Why is this the case? One example was the year my wife and I spent digitizing records for FamilySearch at the Maryland State Archives in Annapolis, Maryland. Our team of four cameras likely digitized close to 20 million probate records. This may seem like a significant number, but the number left to digitize was many magnitudes larger. In fact, the number of digitized records from that one archive are still a very small percentage of the entire collection. 

While living in Annapolis, Maryland, we had a number of opportunities to visit both the Library of Congress and the National Archives. I had an opportunity to discuss the number of digitized records available from the Library of Congress with a knowledgeable staff person. Again, the percentage of records and books digitized is a vanishingly small percentage of the total number of documents. You can also see the number of digitized records on the National Archives and Records Administration (NARA or National Archives) website. You have to work through the difference between digital preservation and the digitizing of paper documents. To the National Archives, digital preservation means the preservation documents in digital format. 

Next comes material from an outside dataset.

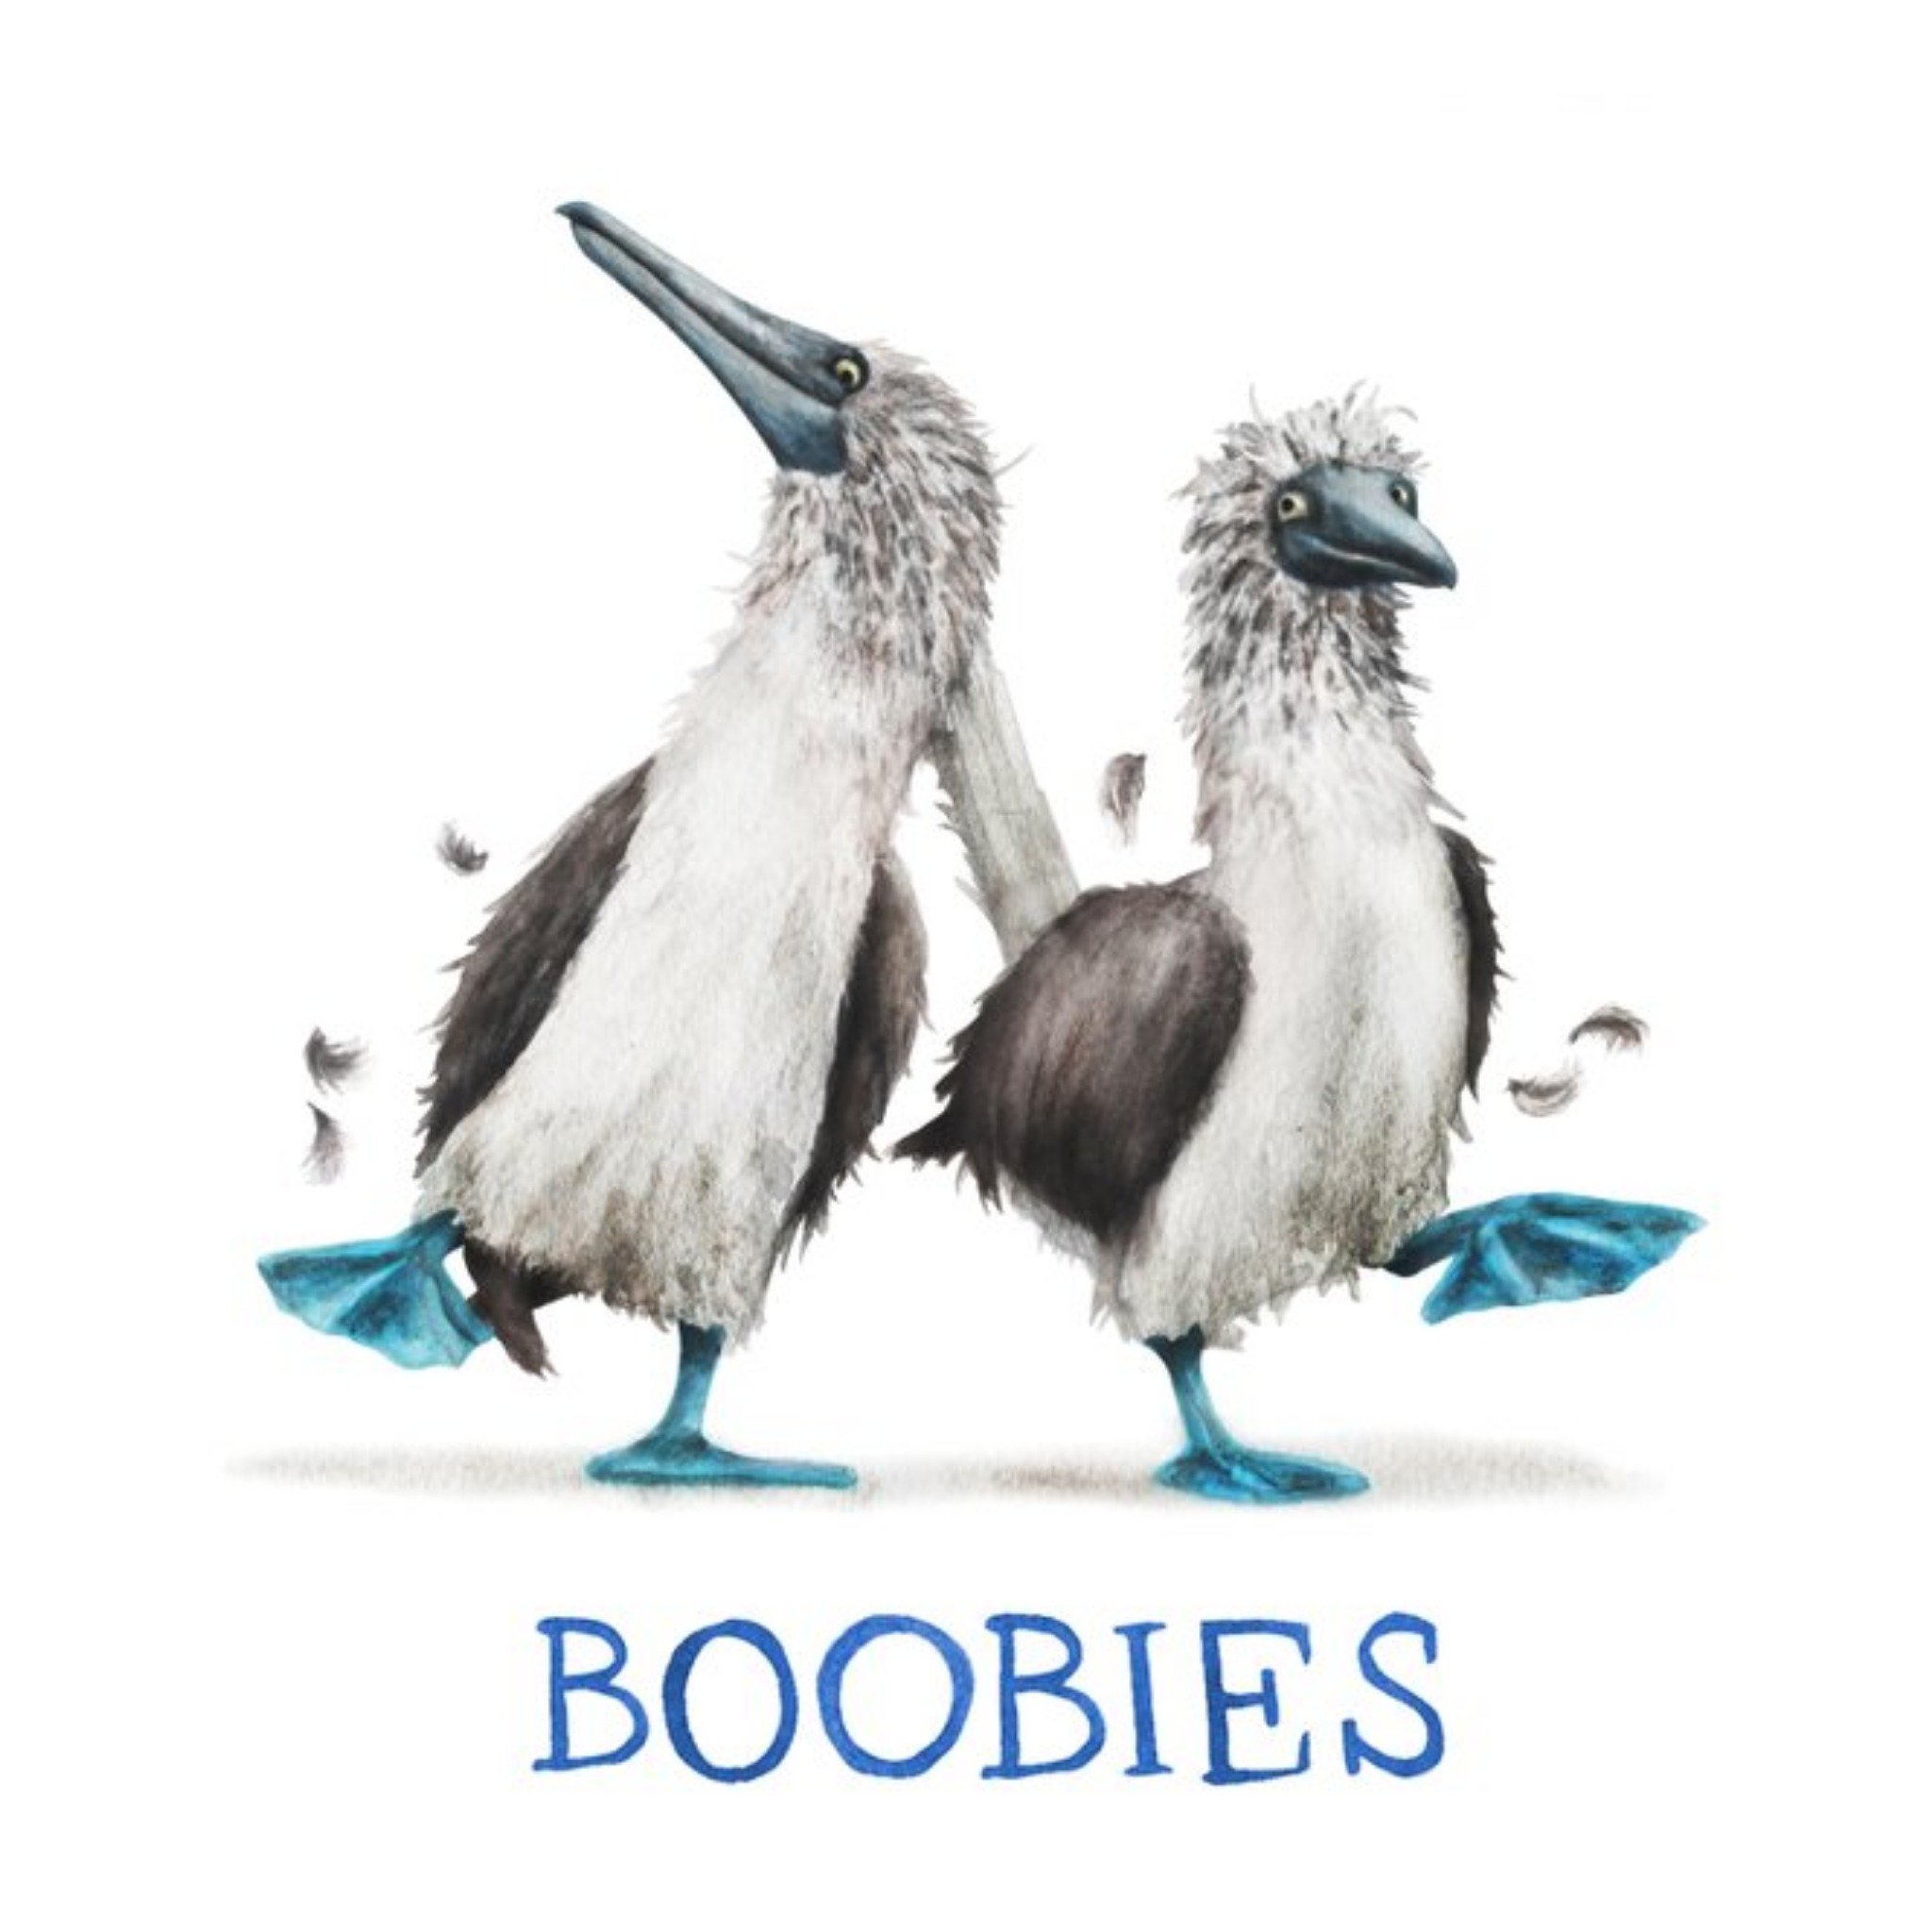 Moonpig Birds Boobies Card, Square

No one really knows how many documents are stored by the National Archives but here is a relatively recent estimate from the article entitled, "About the National Archives of the United States."
NARA keeps only those Federal records that are judged to have continuing value—about 2 to 5 percent of those generated in any given year. By now, they add up to a formidable number, diverse in form as well as in content. There are approximately 10 billion pages of textual records; 12 million maps, charts, and architectural and engineering drawings; 25 million still photographs and graphics; 24 million aerial photographs; 300,000 reels of motion picture film; 400,000 video and sound recordings; and 133 terabytes of electronic data. All of these materials are preserved because they are important to the workings of Government, have long-term research worth, or provide information of value to citizens.
The percentage of textual records that have been digitized is vanishingly small compared to the number of records in the National Archives' collections, despite a number of Digitization Partnerships. Obviously, only some of all the documents in the National Archives are genealogically important or even interesting but there are huge collections that are interesting to genealogists that are still on paper. 

When I visit archives, libraries, and historical societies, I often try to determine how much of the collection is digitized and available online. I am usually disappointed to learn that some large, extremely valuable collections are "waiting" to be digitized due to budget constraints or other issues. 

In addition, just because documents are digitized, it does not mean that they are online and/or available to the public. Use restrictions and paywalls are common. For example, some of the "partners" listed by the U.S. National Archives are commercial websites with subscription requirements. If you start searching for digital records on the National Archives and Records Administration (NARA) website you will soon be linked out to another website. The number of documents actually available on the National Archives website is very small. 

The summary of all this is simple. Dedicated genealogists who are involved in extensive research will inevitably end up exhausting online resources and will likely have to travel to specific archives, libraries, historical societies, county courthouses, and many other locations to look at microfilm or paper records. They number of digitized records has decreased my personal need to travel but not eliminated it. 


  1. Thanks for writing this! It can't be said enough: it's not all on the internet.

  2. Agree, totally!
    So many people believe it’s all been ‘done’.
    Just like everyone that tells me they have their family history, all done by their Aunt/Grandfather/Mother.

  3. Sadly many people do believe that everything is available on the internet.

    If only that were true